*SUPPLIED INFORMATION*
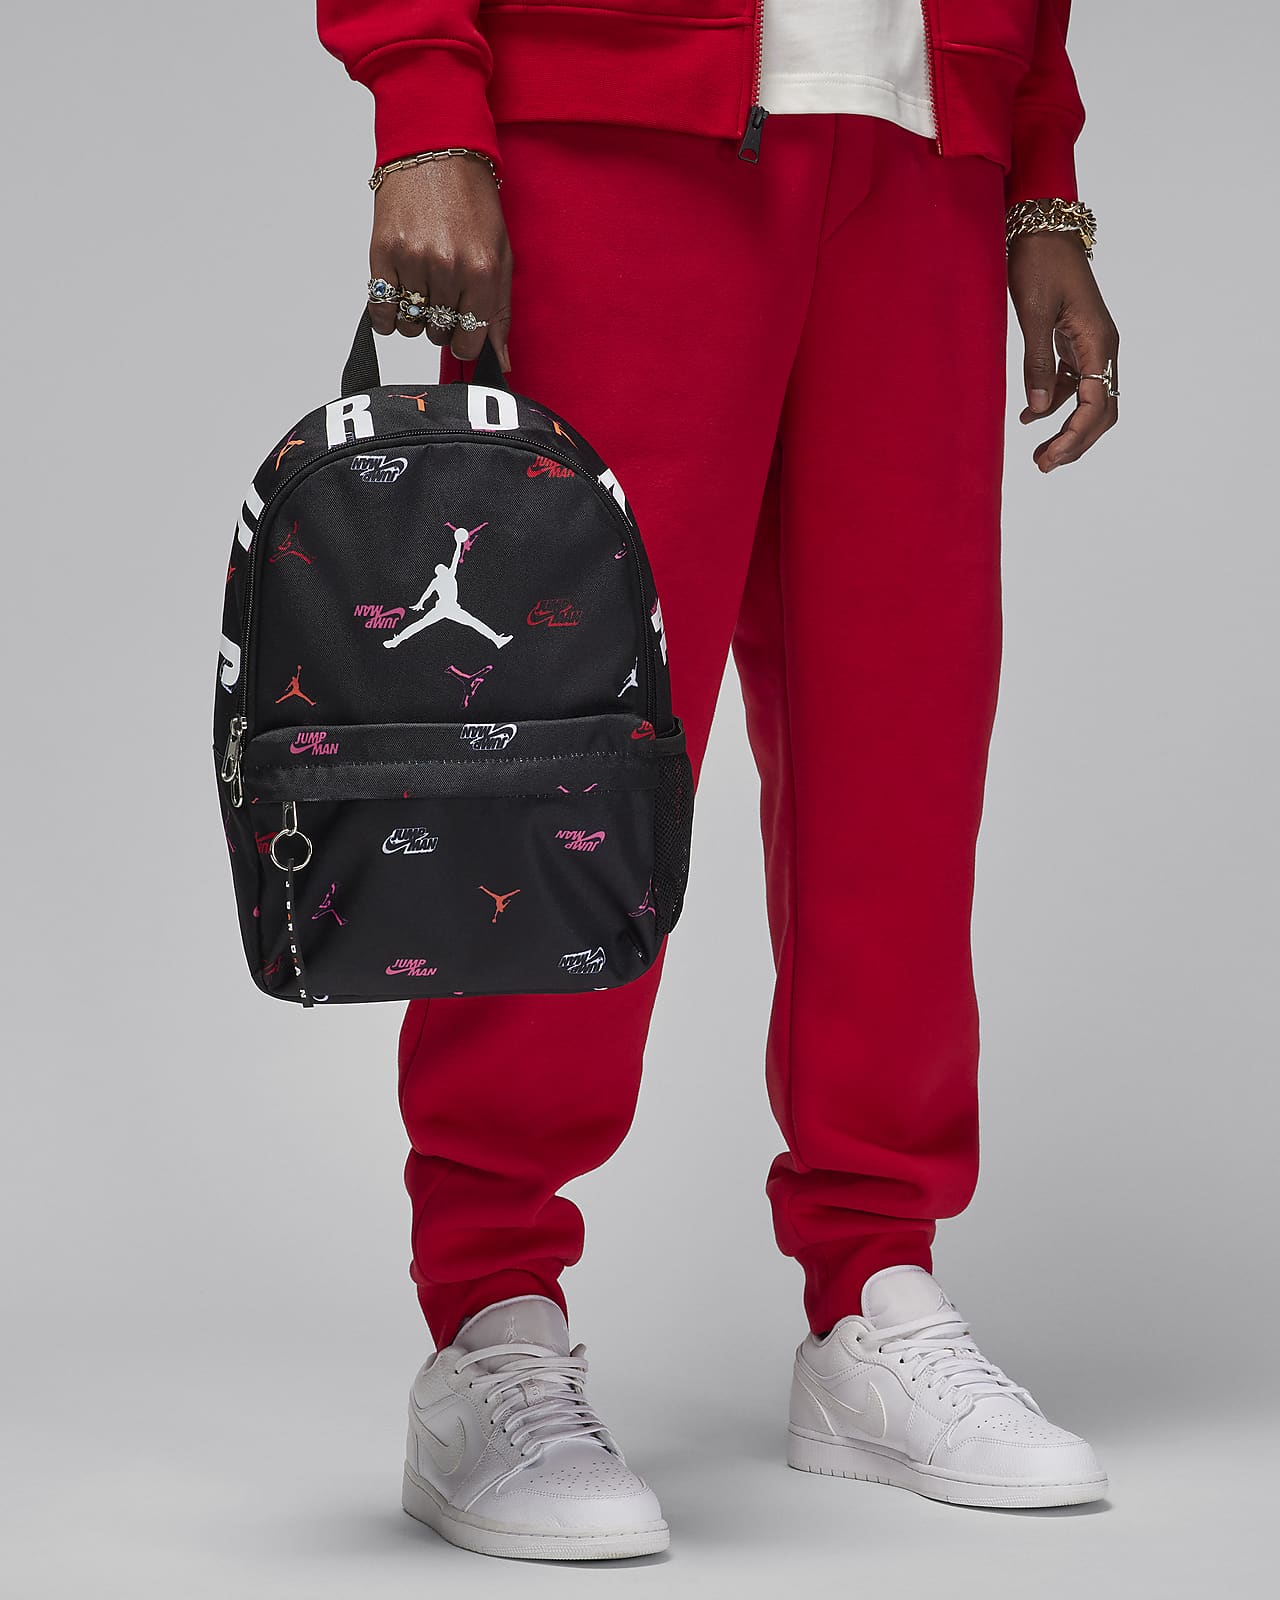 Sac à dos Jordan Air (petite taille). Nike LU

==

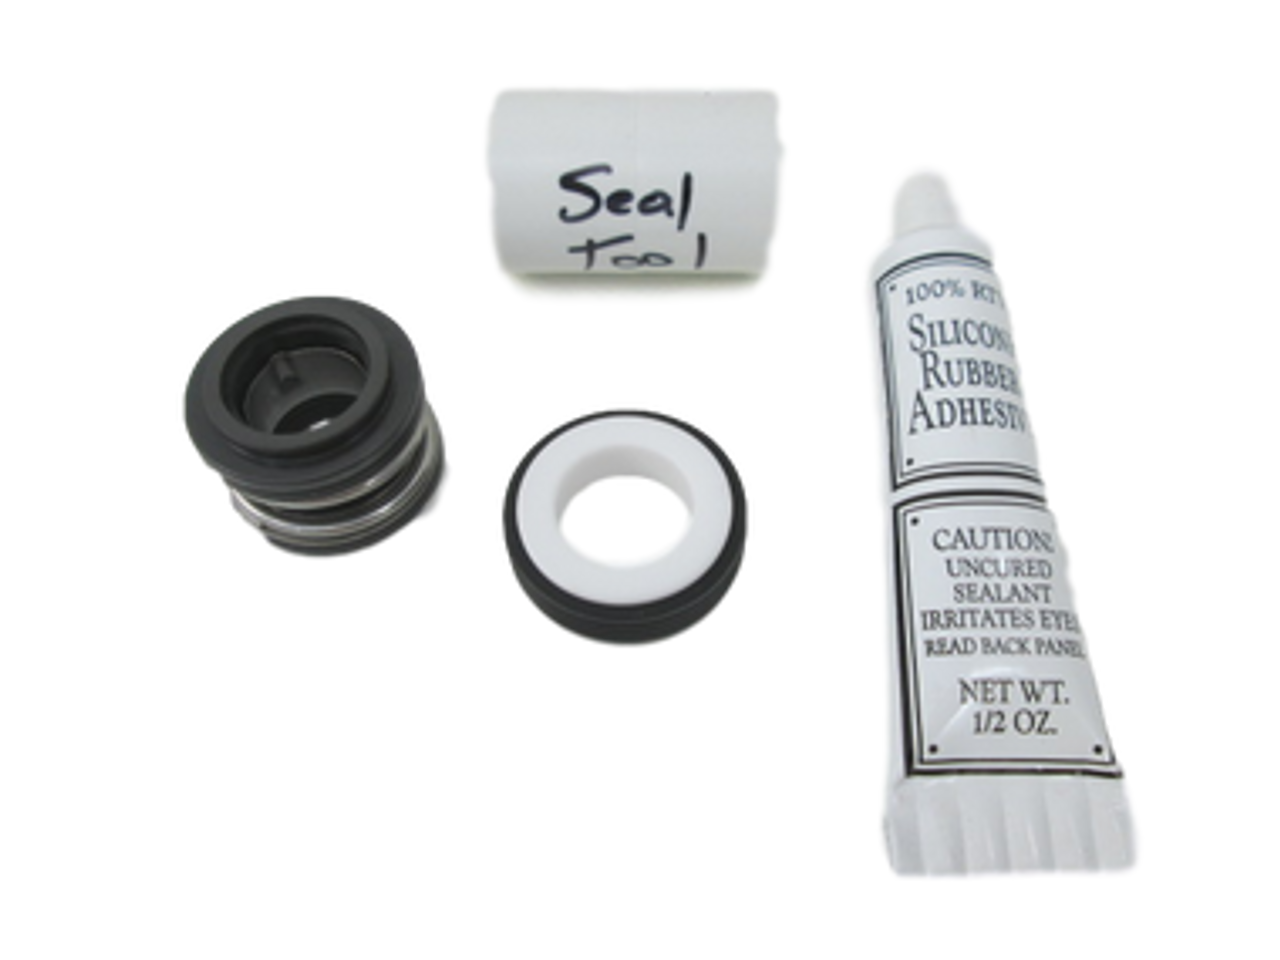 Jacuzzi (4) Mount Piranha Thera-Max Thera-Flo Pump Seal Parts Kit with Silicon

* * *

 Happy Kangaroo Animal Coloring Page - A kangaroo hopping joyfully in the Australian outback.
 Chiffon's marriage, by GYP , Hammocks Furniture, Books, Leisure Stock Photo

*YOUR OBJECTIVE*
Please transcribe exactly the lines above from the line that has "Happy Kangaroo Animal" up to and including the line that has "Chiffon's marriage, by"; no other line belongs in the answer.

*YOUR SOLUTION*
 Happy Kangaroo Animal Coloring Page - A kangaroo hopping joyfully in the Australian outback.
 Chiffon's marriage, by GYP , Hammocks Furniture, Books, Leisure Stock Photo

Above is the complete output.